Disadvantages of CFD Trading

  • Over-Leveraged Positions: The greatest error that new traders make is the option to risk too much on a specific position. ‘Over-leveraging’ occurs when inexperienced traders turn to CFDs thinking it will make them wealthy. When a potential opportunity to place leveraged trades is made (hoping for improved gains), most new traders go overboard and endure huge loses (or maybe the disintegration of a whole trading account) as a result.
  • Excessive Trading: Minimal capital requirements and simplicity of access can result in excessive trading.
  • Positions Held Overnight: Overnight positions might endure overnight financing (which is comprised of a daily cost as per the contract size, which is associated with Libor). Long trades with extended durations allure higher interest payments. Interest fees for long positions held over lengthy durations (at least three months) can decrease the impact of returns substantially, making the leverage acquired no different than completely purchasing a share or contract in the market.
  • Trading Shares is a Lower Risk than Trading CFDs: While a deposit of the entire value isn’t required, your initial margin could still be lost. Also, if the market isn’t moving in alignment with you, you might have to meet a margin call that requires more funds.
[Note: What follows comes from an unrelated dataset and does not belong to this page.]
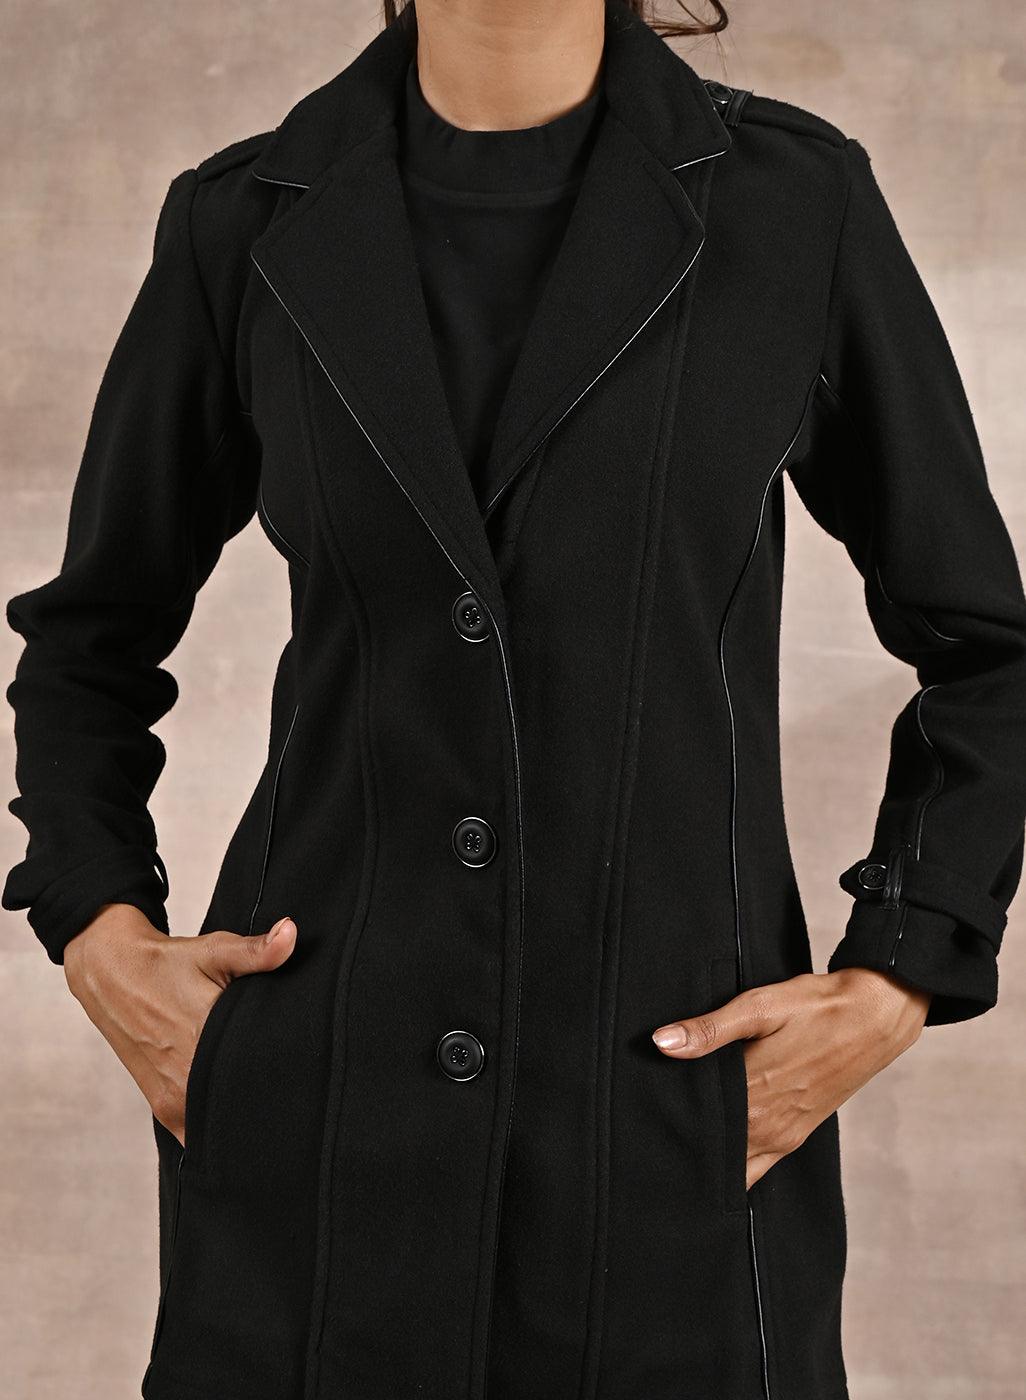 Black Brushed Wool Long Sleeve Coat with Leather Piping - Lakshita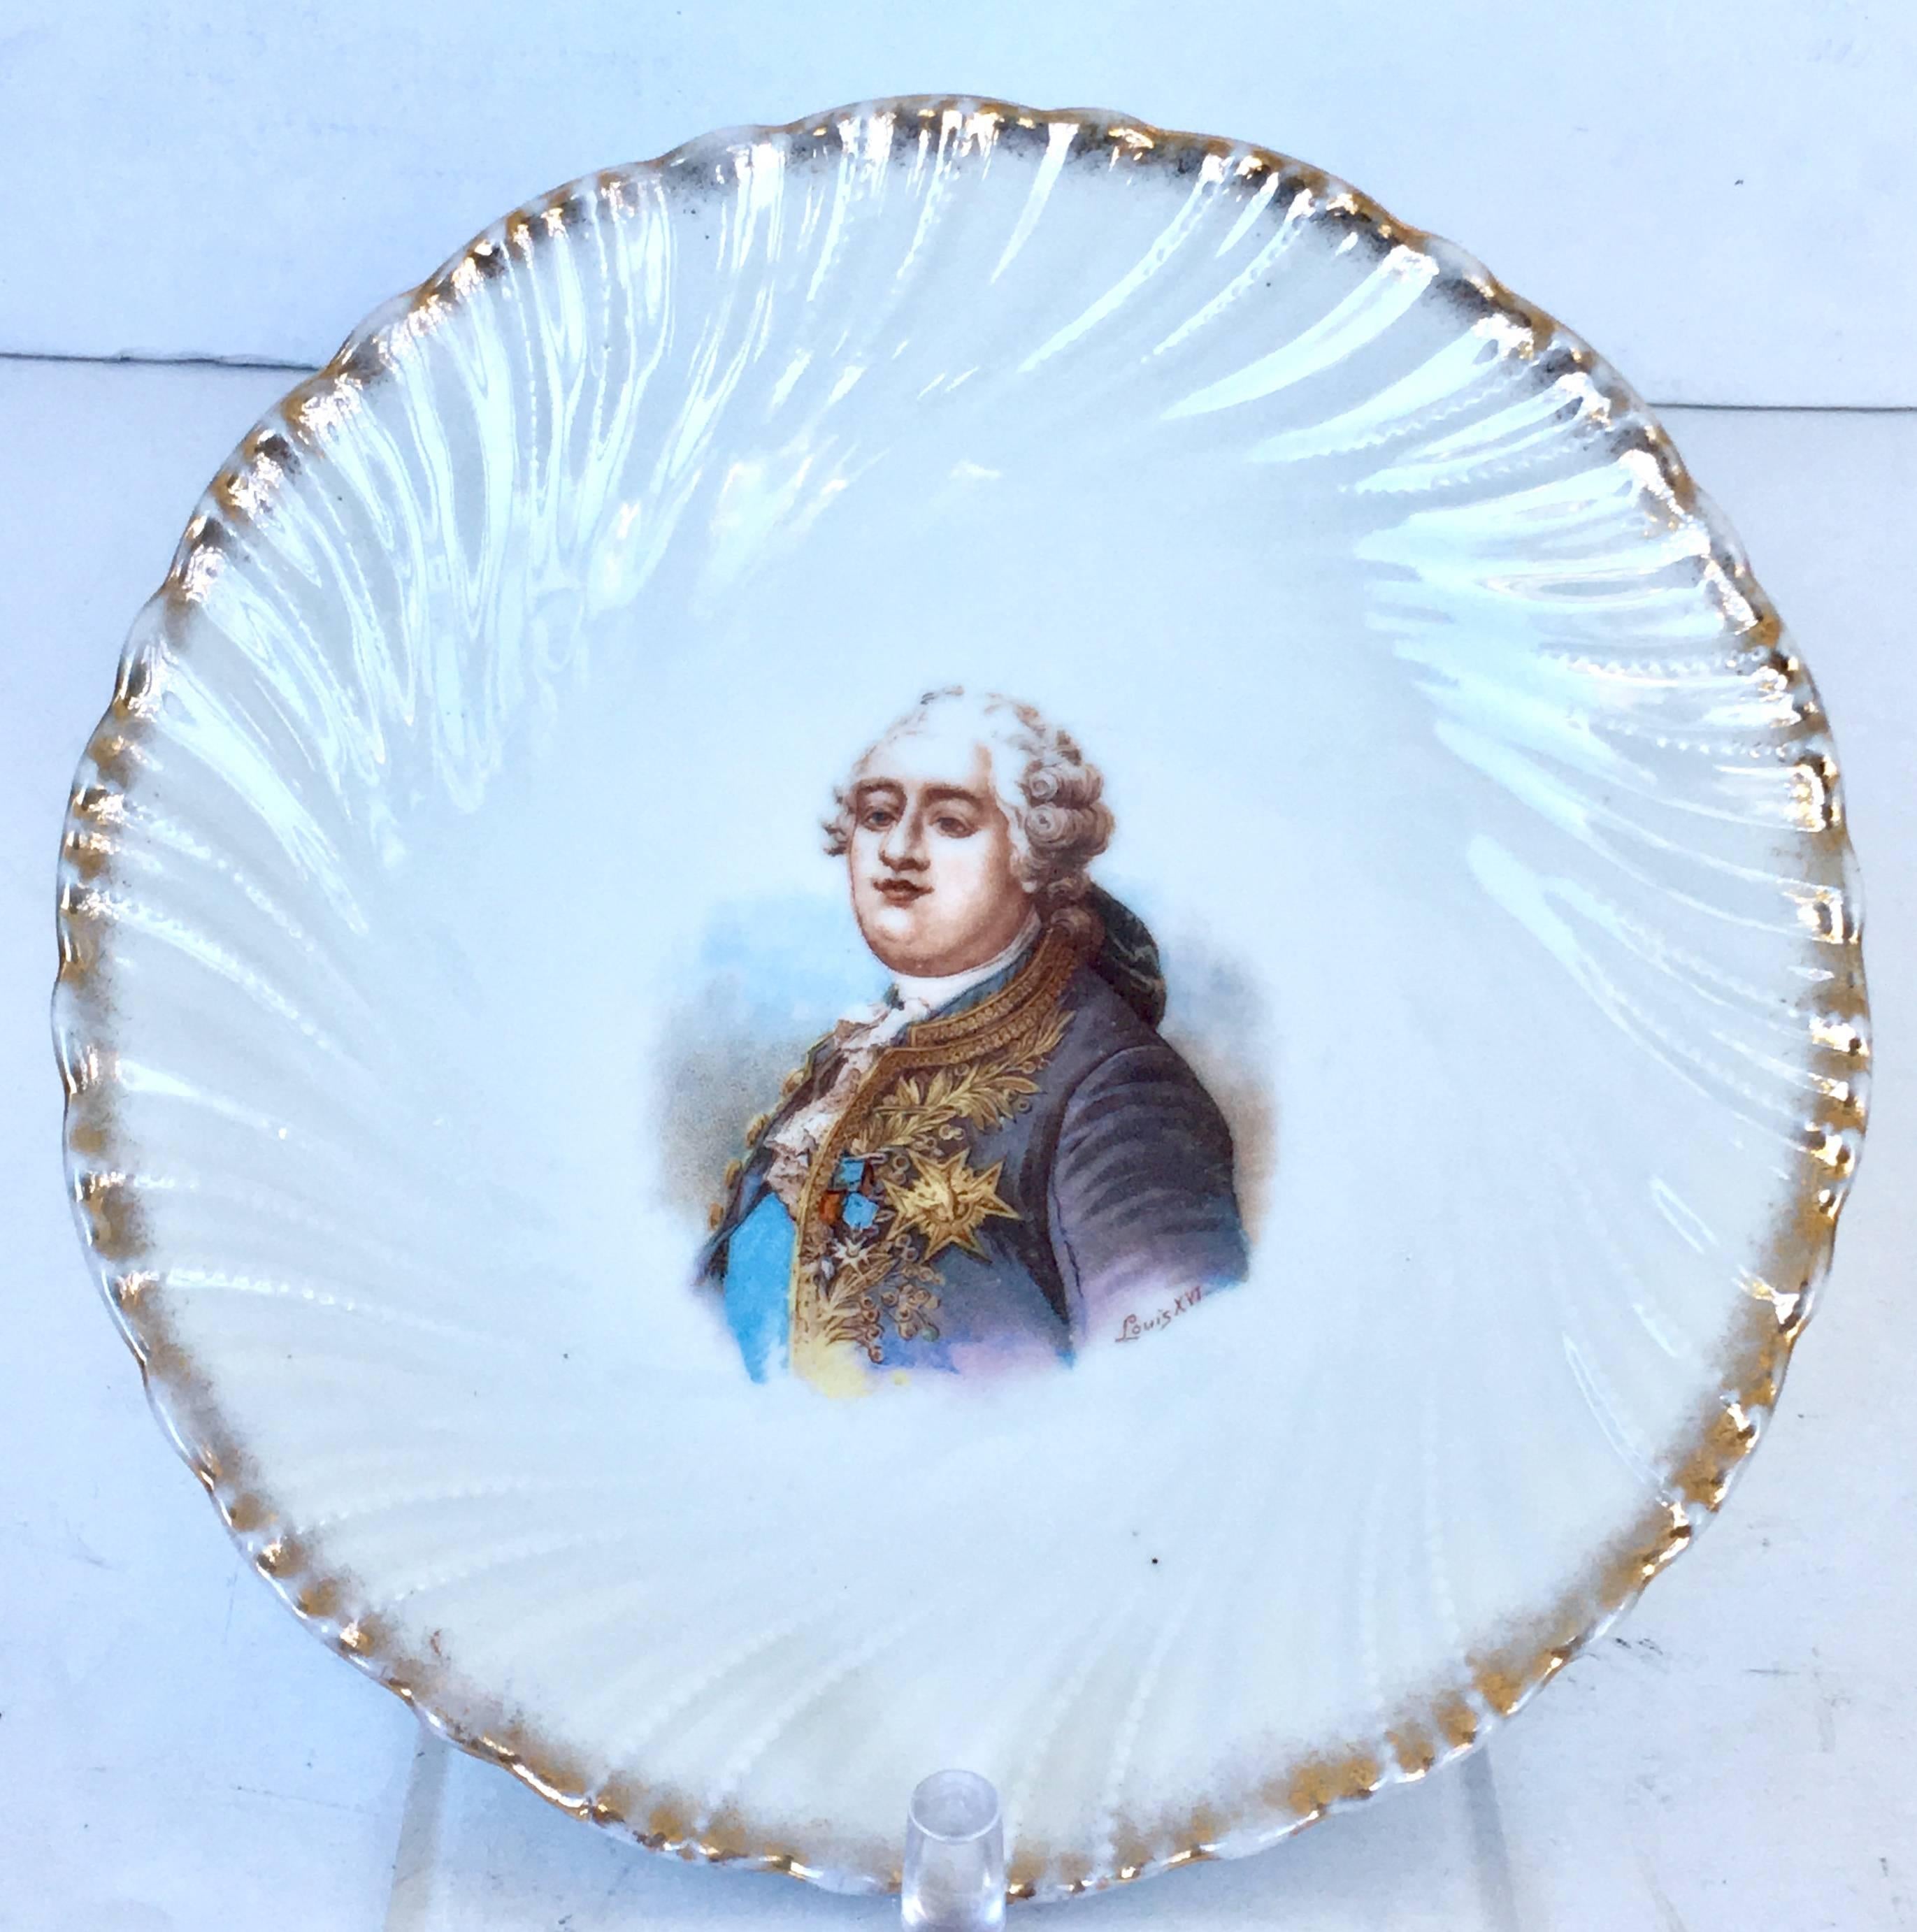 19th Century Victoria Carlsbad Austria set of six gilt porcelain hand-painted French Royalty Portrait plates. This rare and highly collected hand painted pattern features a bright white iridescent swirled ground with raised bead detail and brushed

This could leave you in a spot where you have no choice but to sell down assets. Investors may endure an unlimited loss for a short position.
  • Dividends: If a short position is held over the record date, traders who open a short CFD position are inclined to pay out the total dividend value.
  • Risk of Volatility: Several CFDs (for example, cryptocurrency CFDs) are volatile trading tools. Greater volatility leads to opportunity and risk. That said, it is vital for CFD traders to modify their methods. Failure to do so could lead to the trader facing adverse price movements, stimulating growth of extra margin calls without warning.

 

Conclusion

A Contract for Difference (CFD) is an agreement that permits traders to ponder an underlying asset’s worth. Losses or gains are established by the variation between an asset’s value at the close and open of the contract, which is multiplied by the amount of CFDs purchased or sold.

Basically, CFDs offer a platform for investors to prosper from potential price changes without taking tangible possession of the asset.

The capacity to go short or long, in addition to CFDs being leveraged as a product, makes it quite a popular and adaptable method of short-term trading in modern financial markets.